↓↓↓

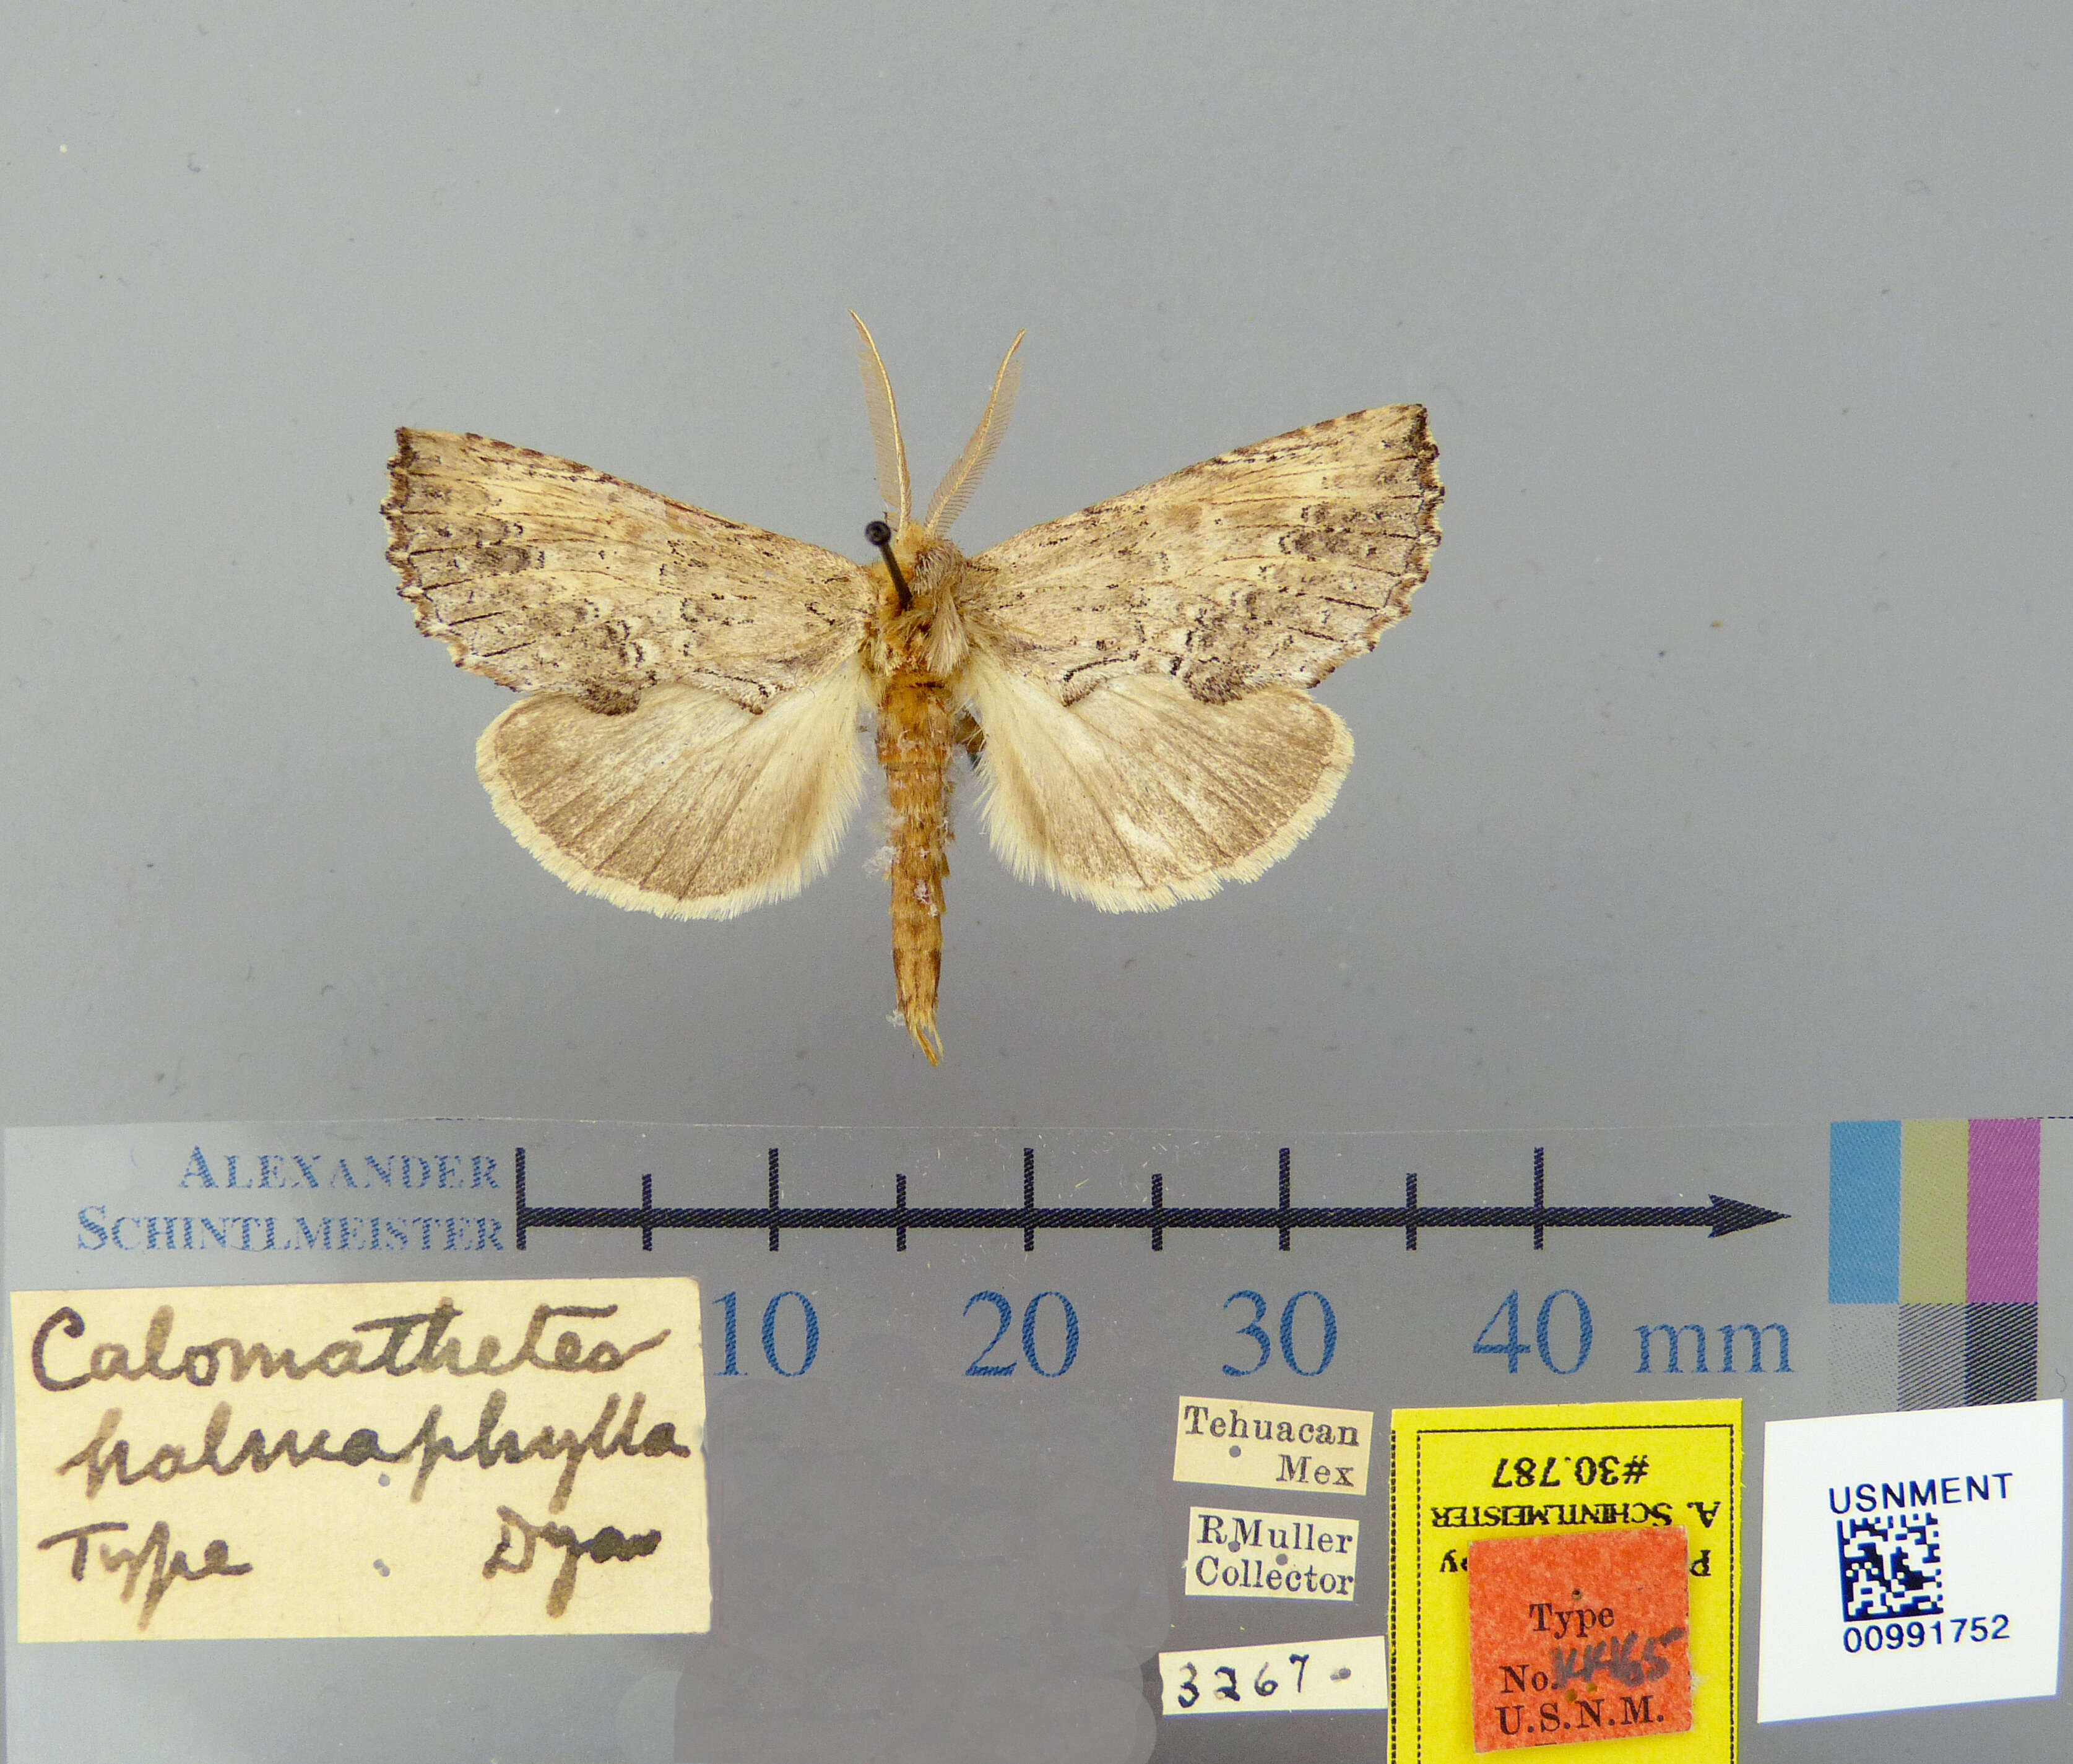 Image of Calomathetes halmaphylla Dyar 1913
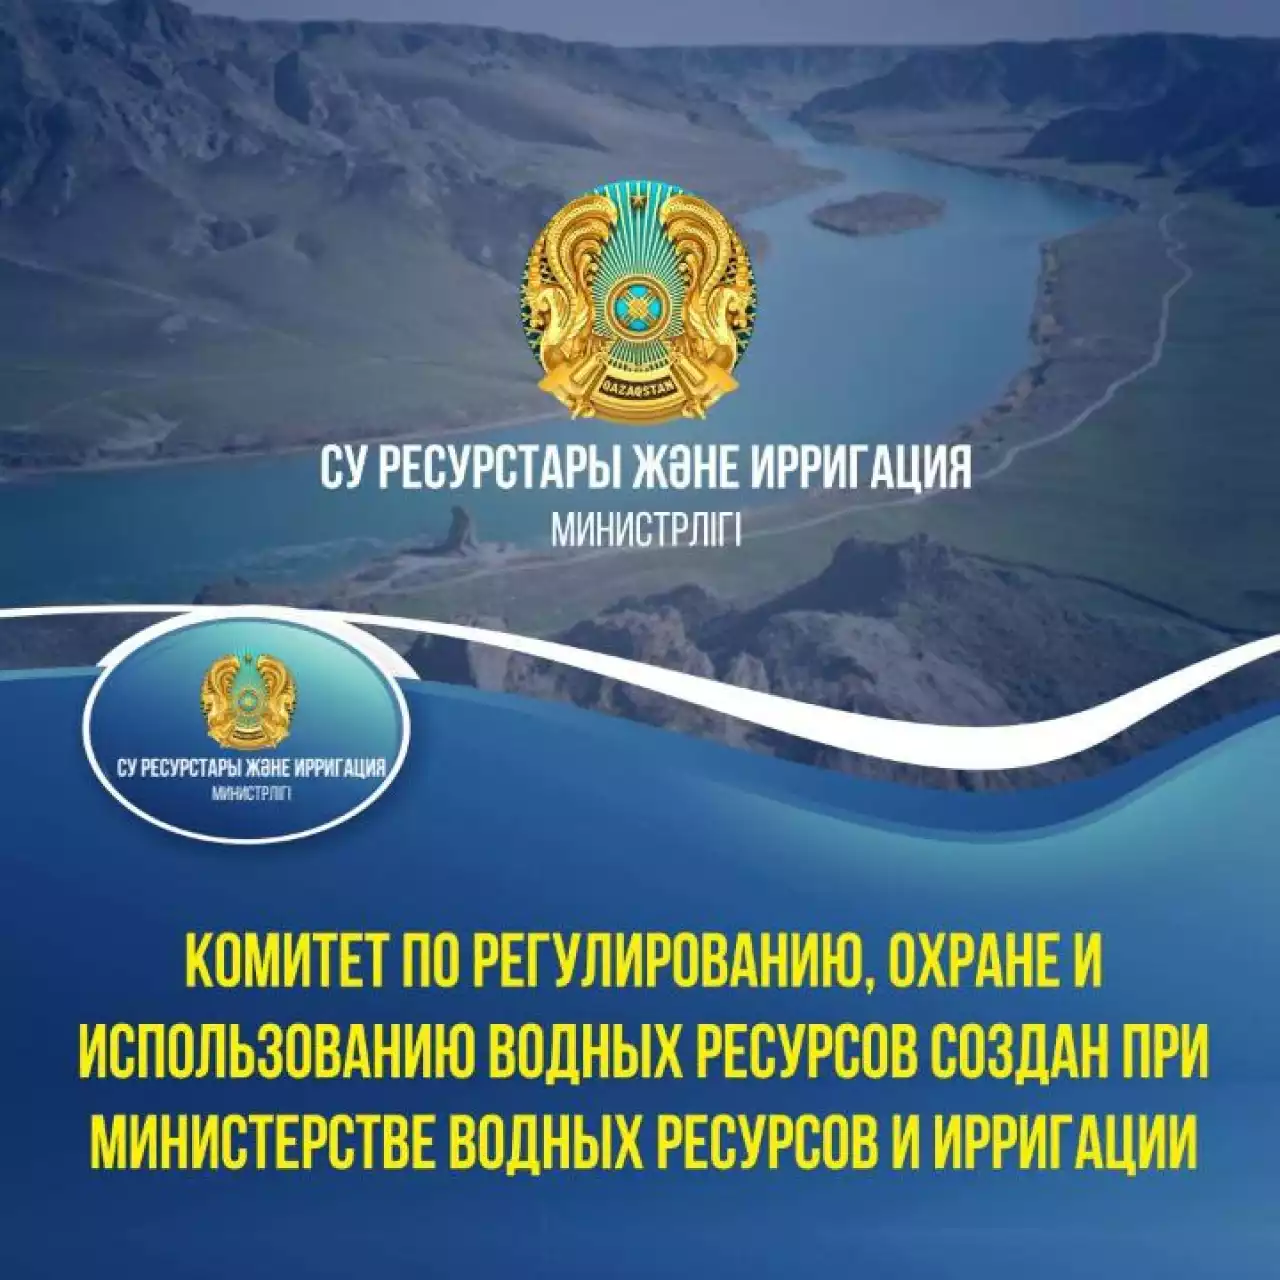 Комитет по регулированию, охране и использованию водных ресурсов создан при Министерстве водных ресурсов и ирригации
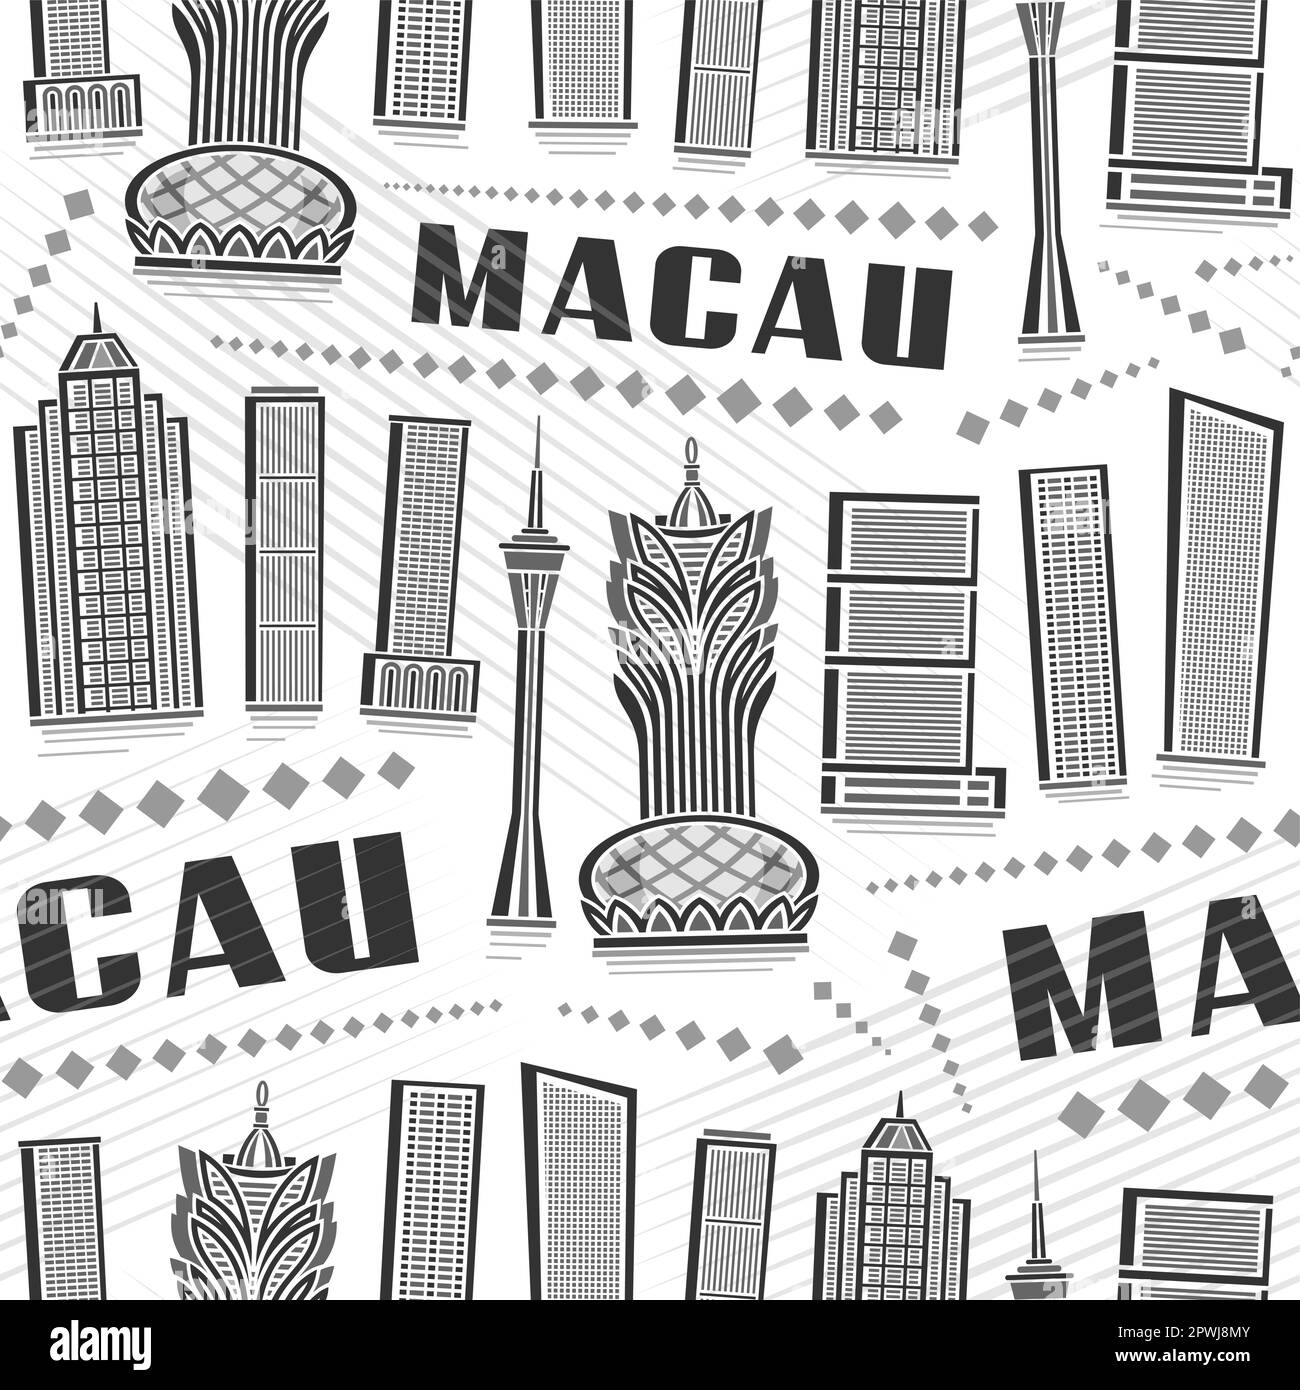 Vector Macau Seamless Pattern, répétition de l'arrière-plan avec illustration de la célèbre ville asiatique de macao sur fond blanc pour papier d'emballage, monochr Illustration de Vecteur

↑↑↑

Reprint all the data above verbatim, excluding pictures.

 Image of Calomathetes halmaphylla Dyar 1913
 Комитет по регулированию, охране и использованию водных ресурсов создан при Министерстве водных ресурсов и ирригации
 Vector Macau Seamless Pattern, répétition de l'arrière-plan avec illustration de la célèbre ville asiatique de macao sur fond blanc pour papier d'emballage, monochr Illustration de Vecteur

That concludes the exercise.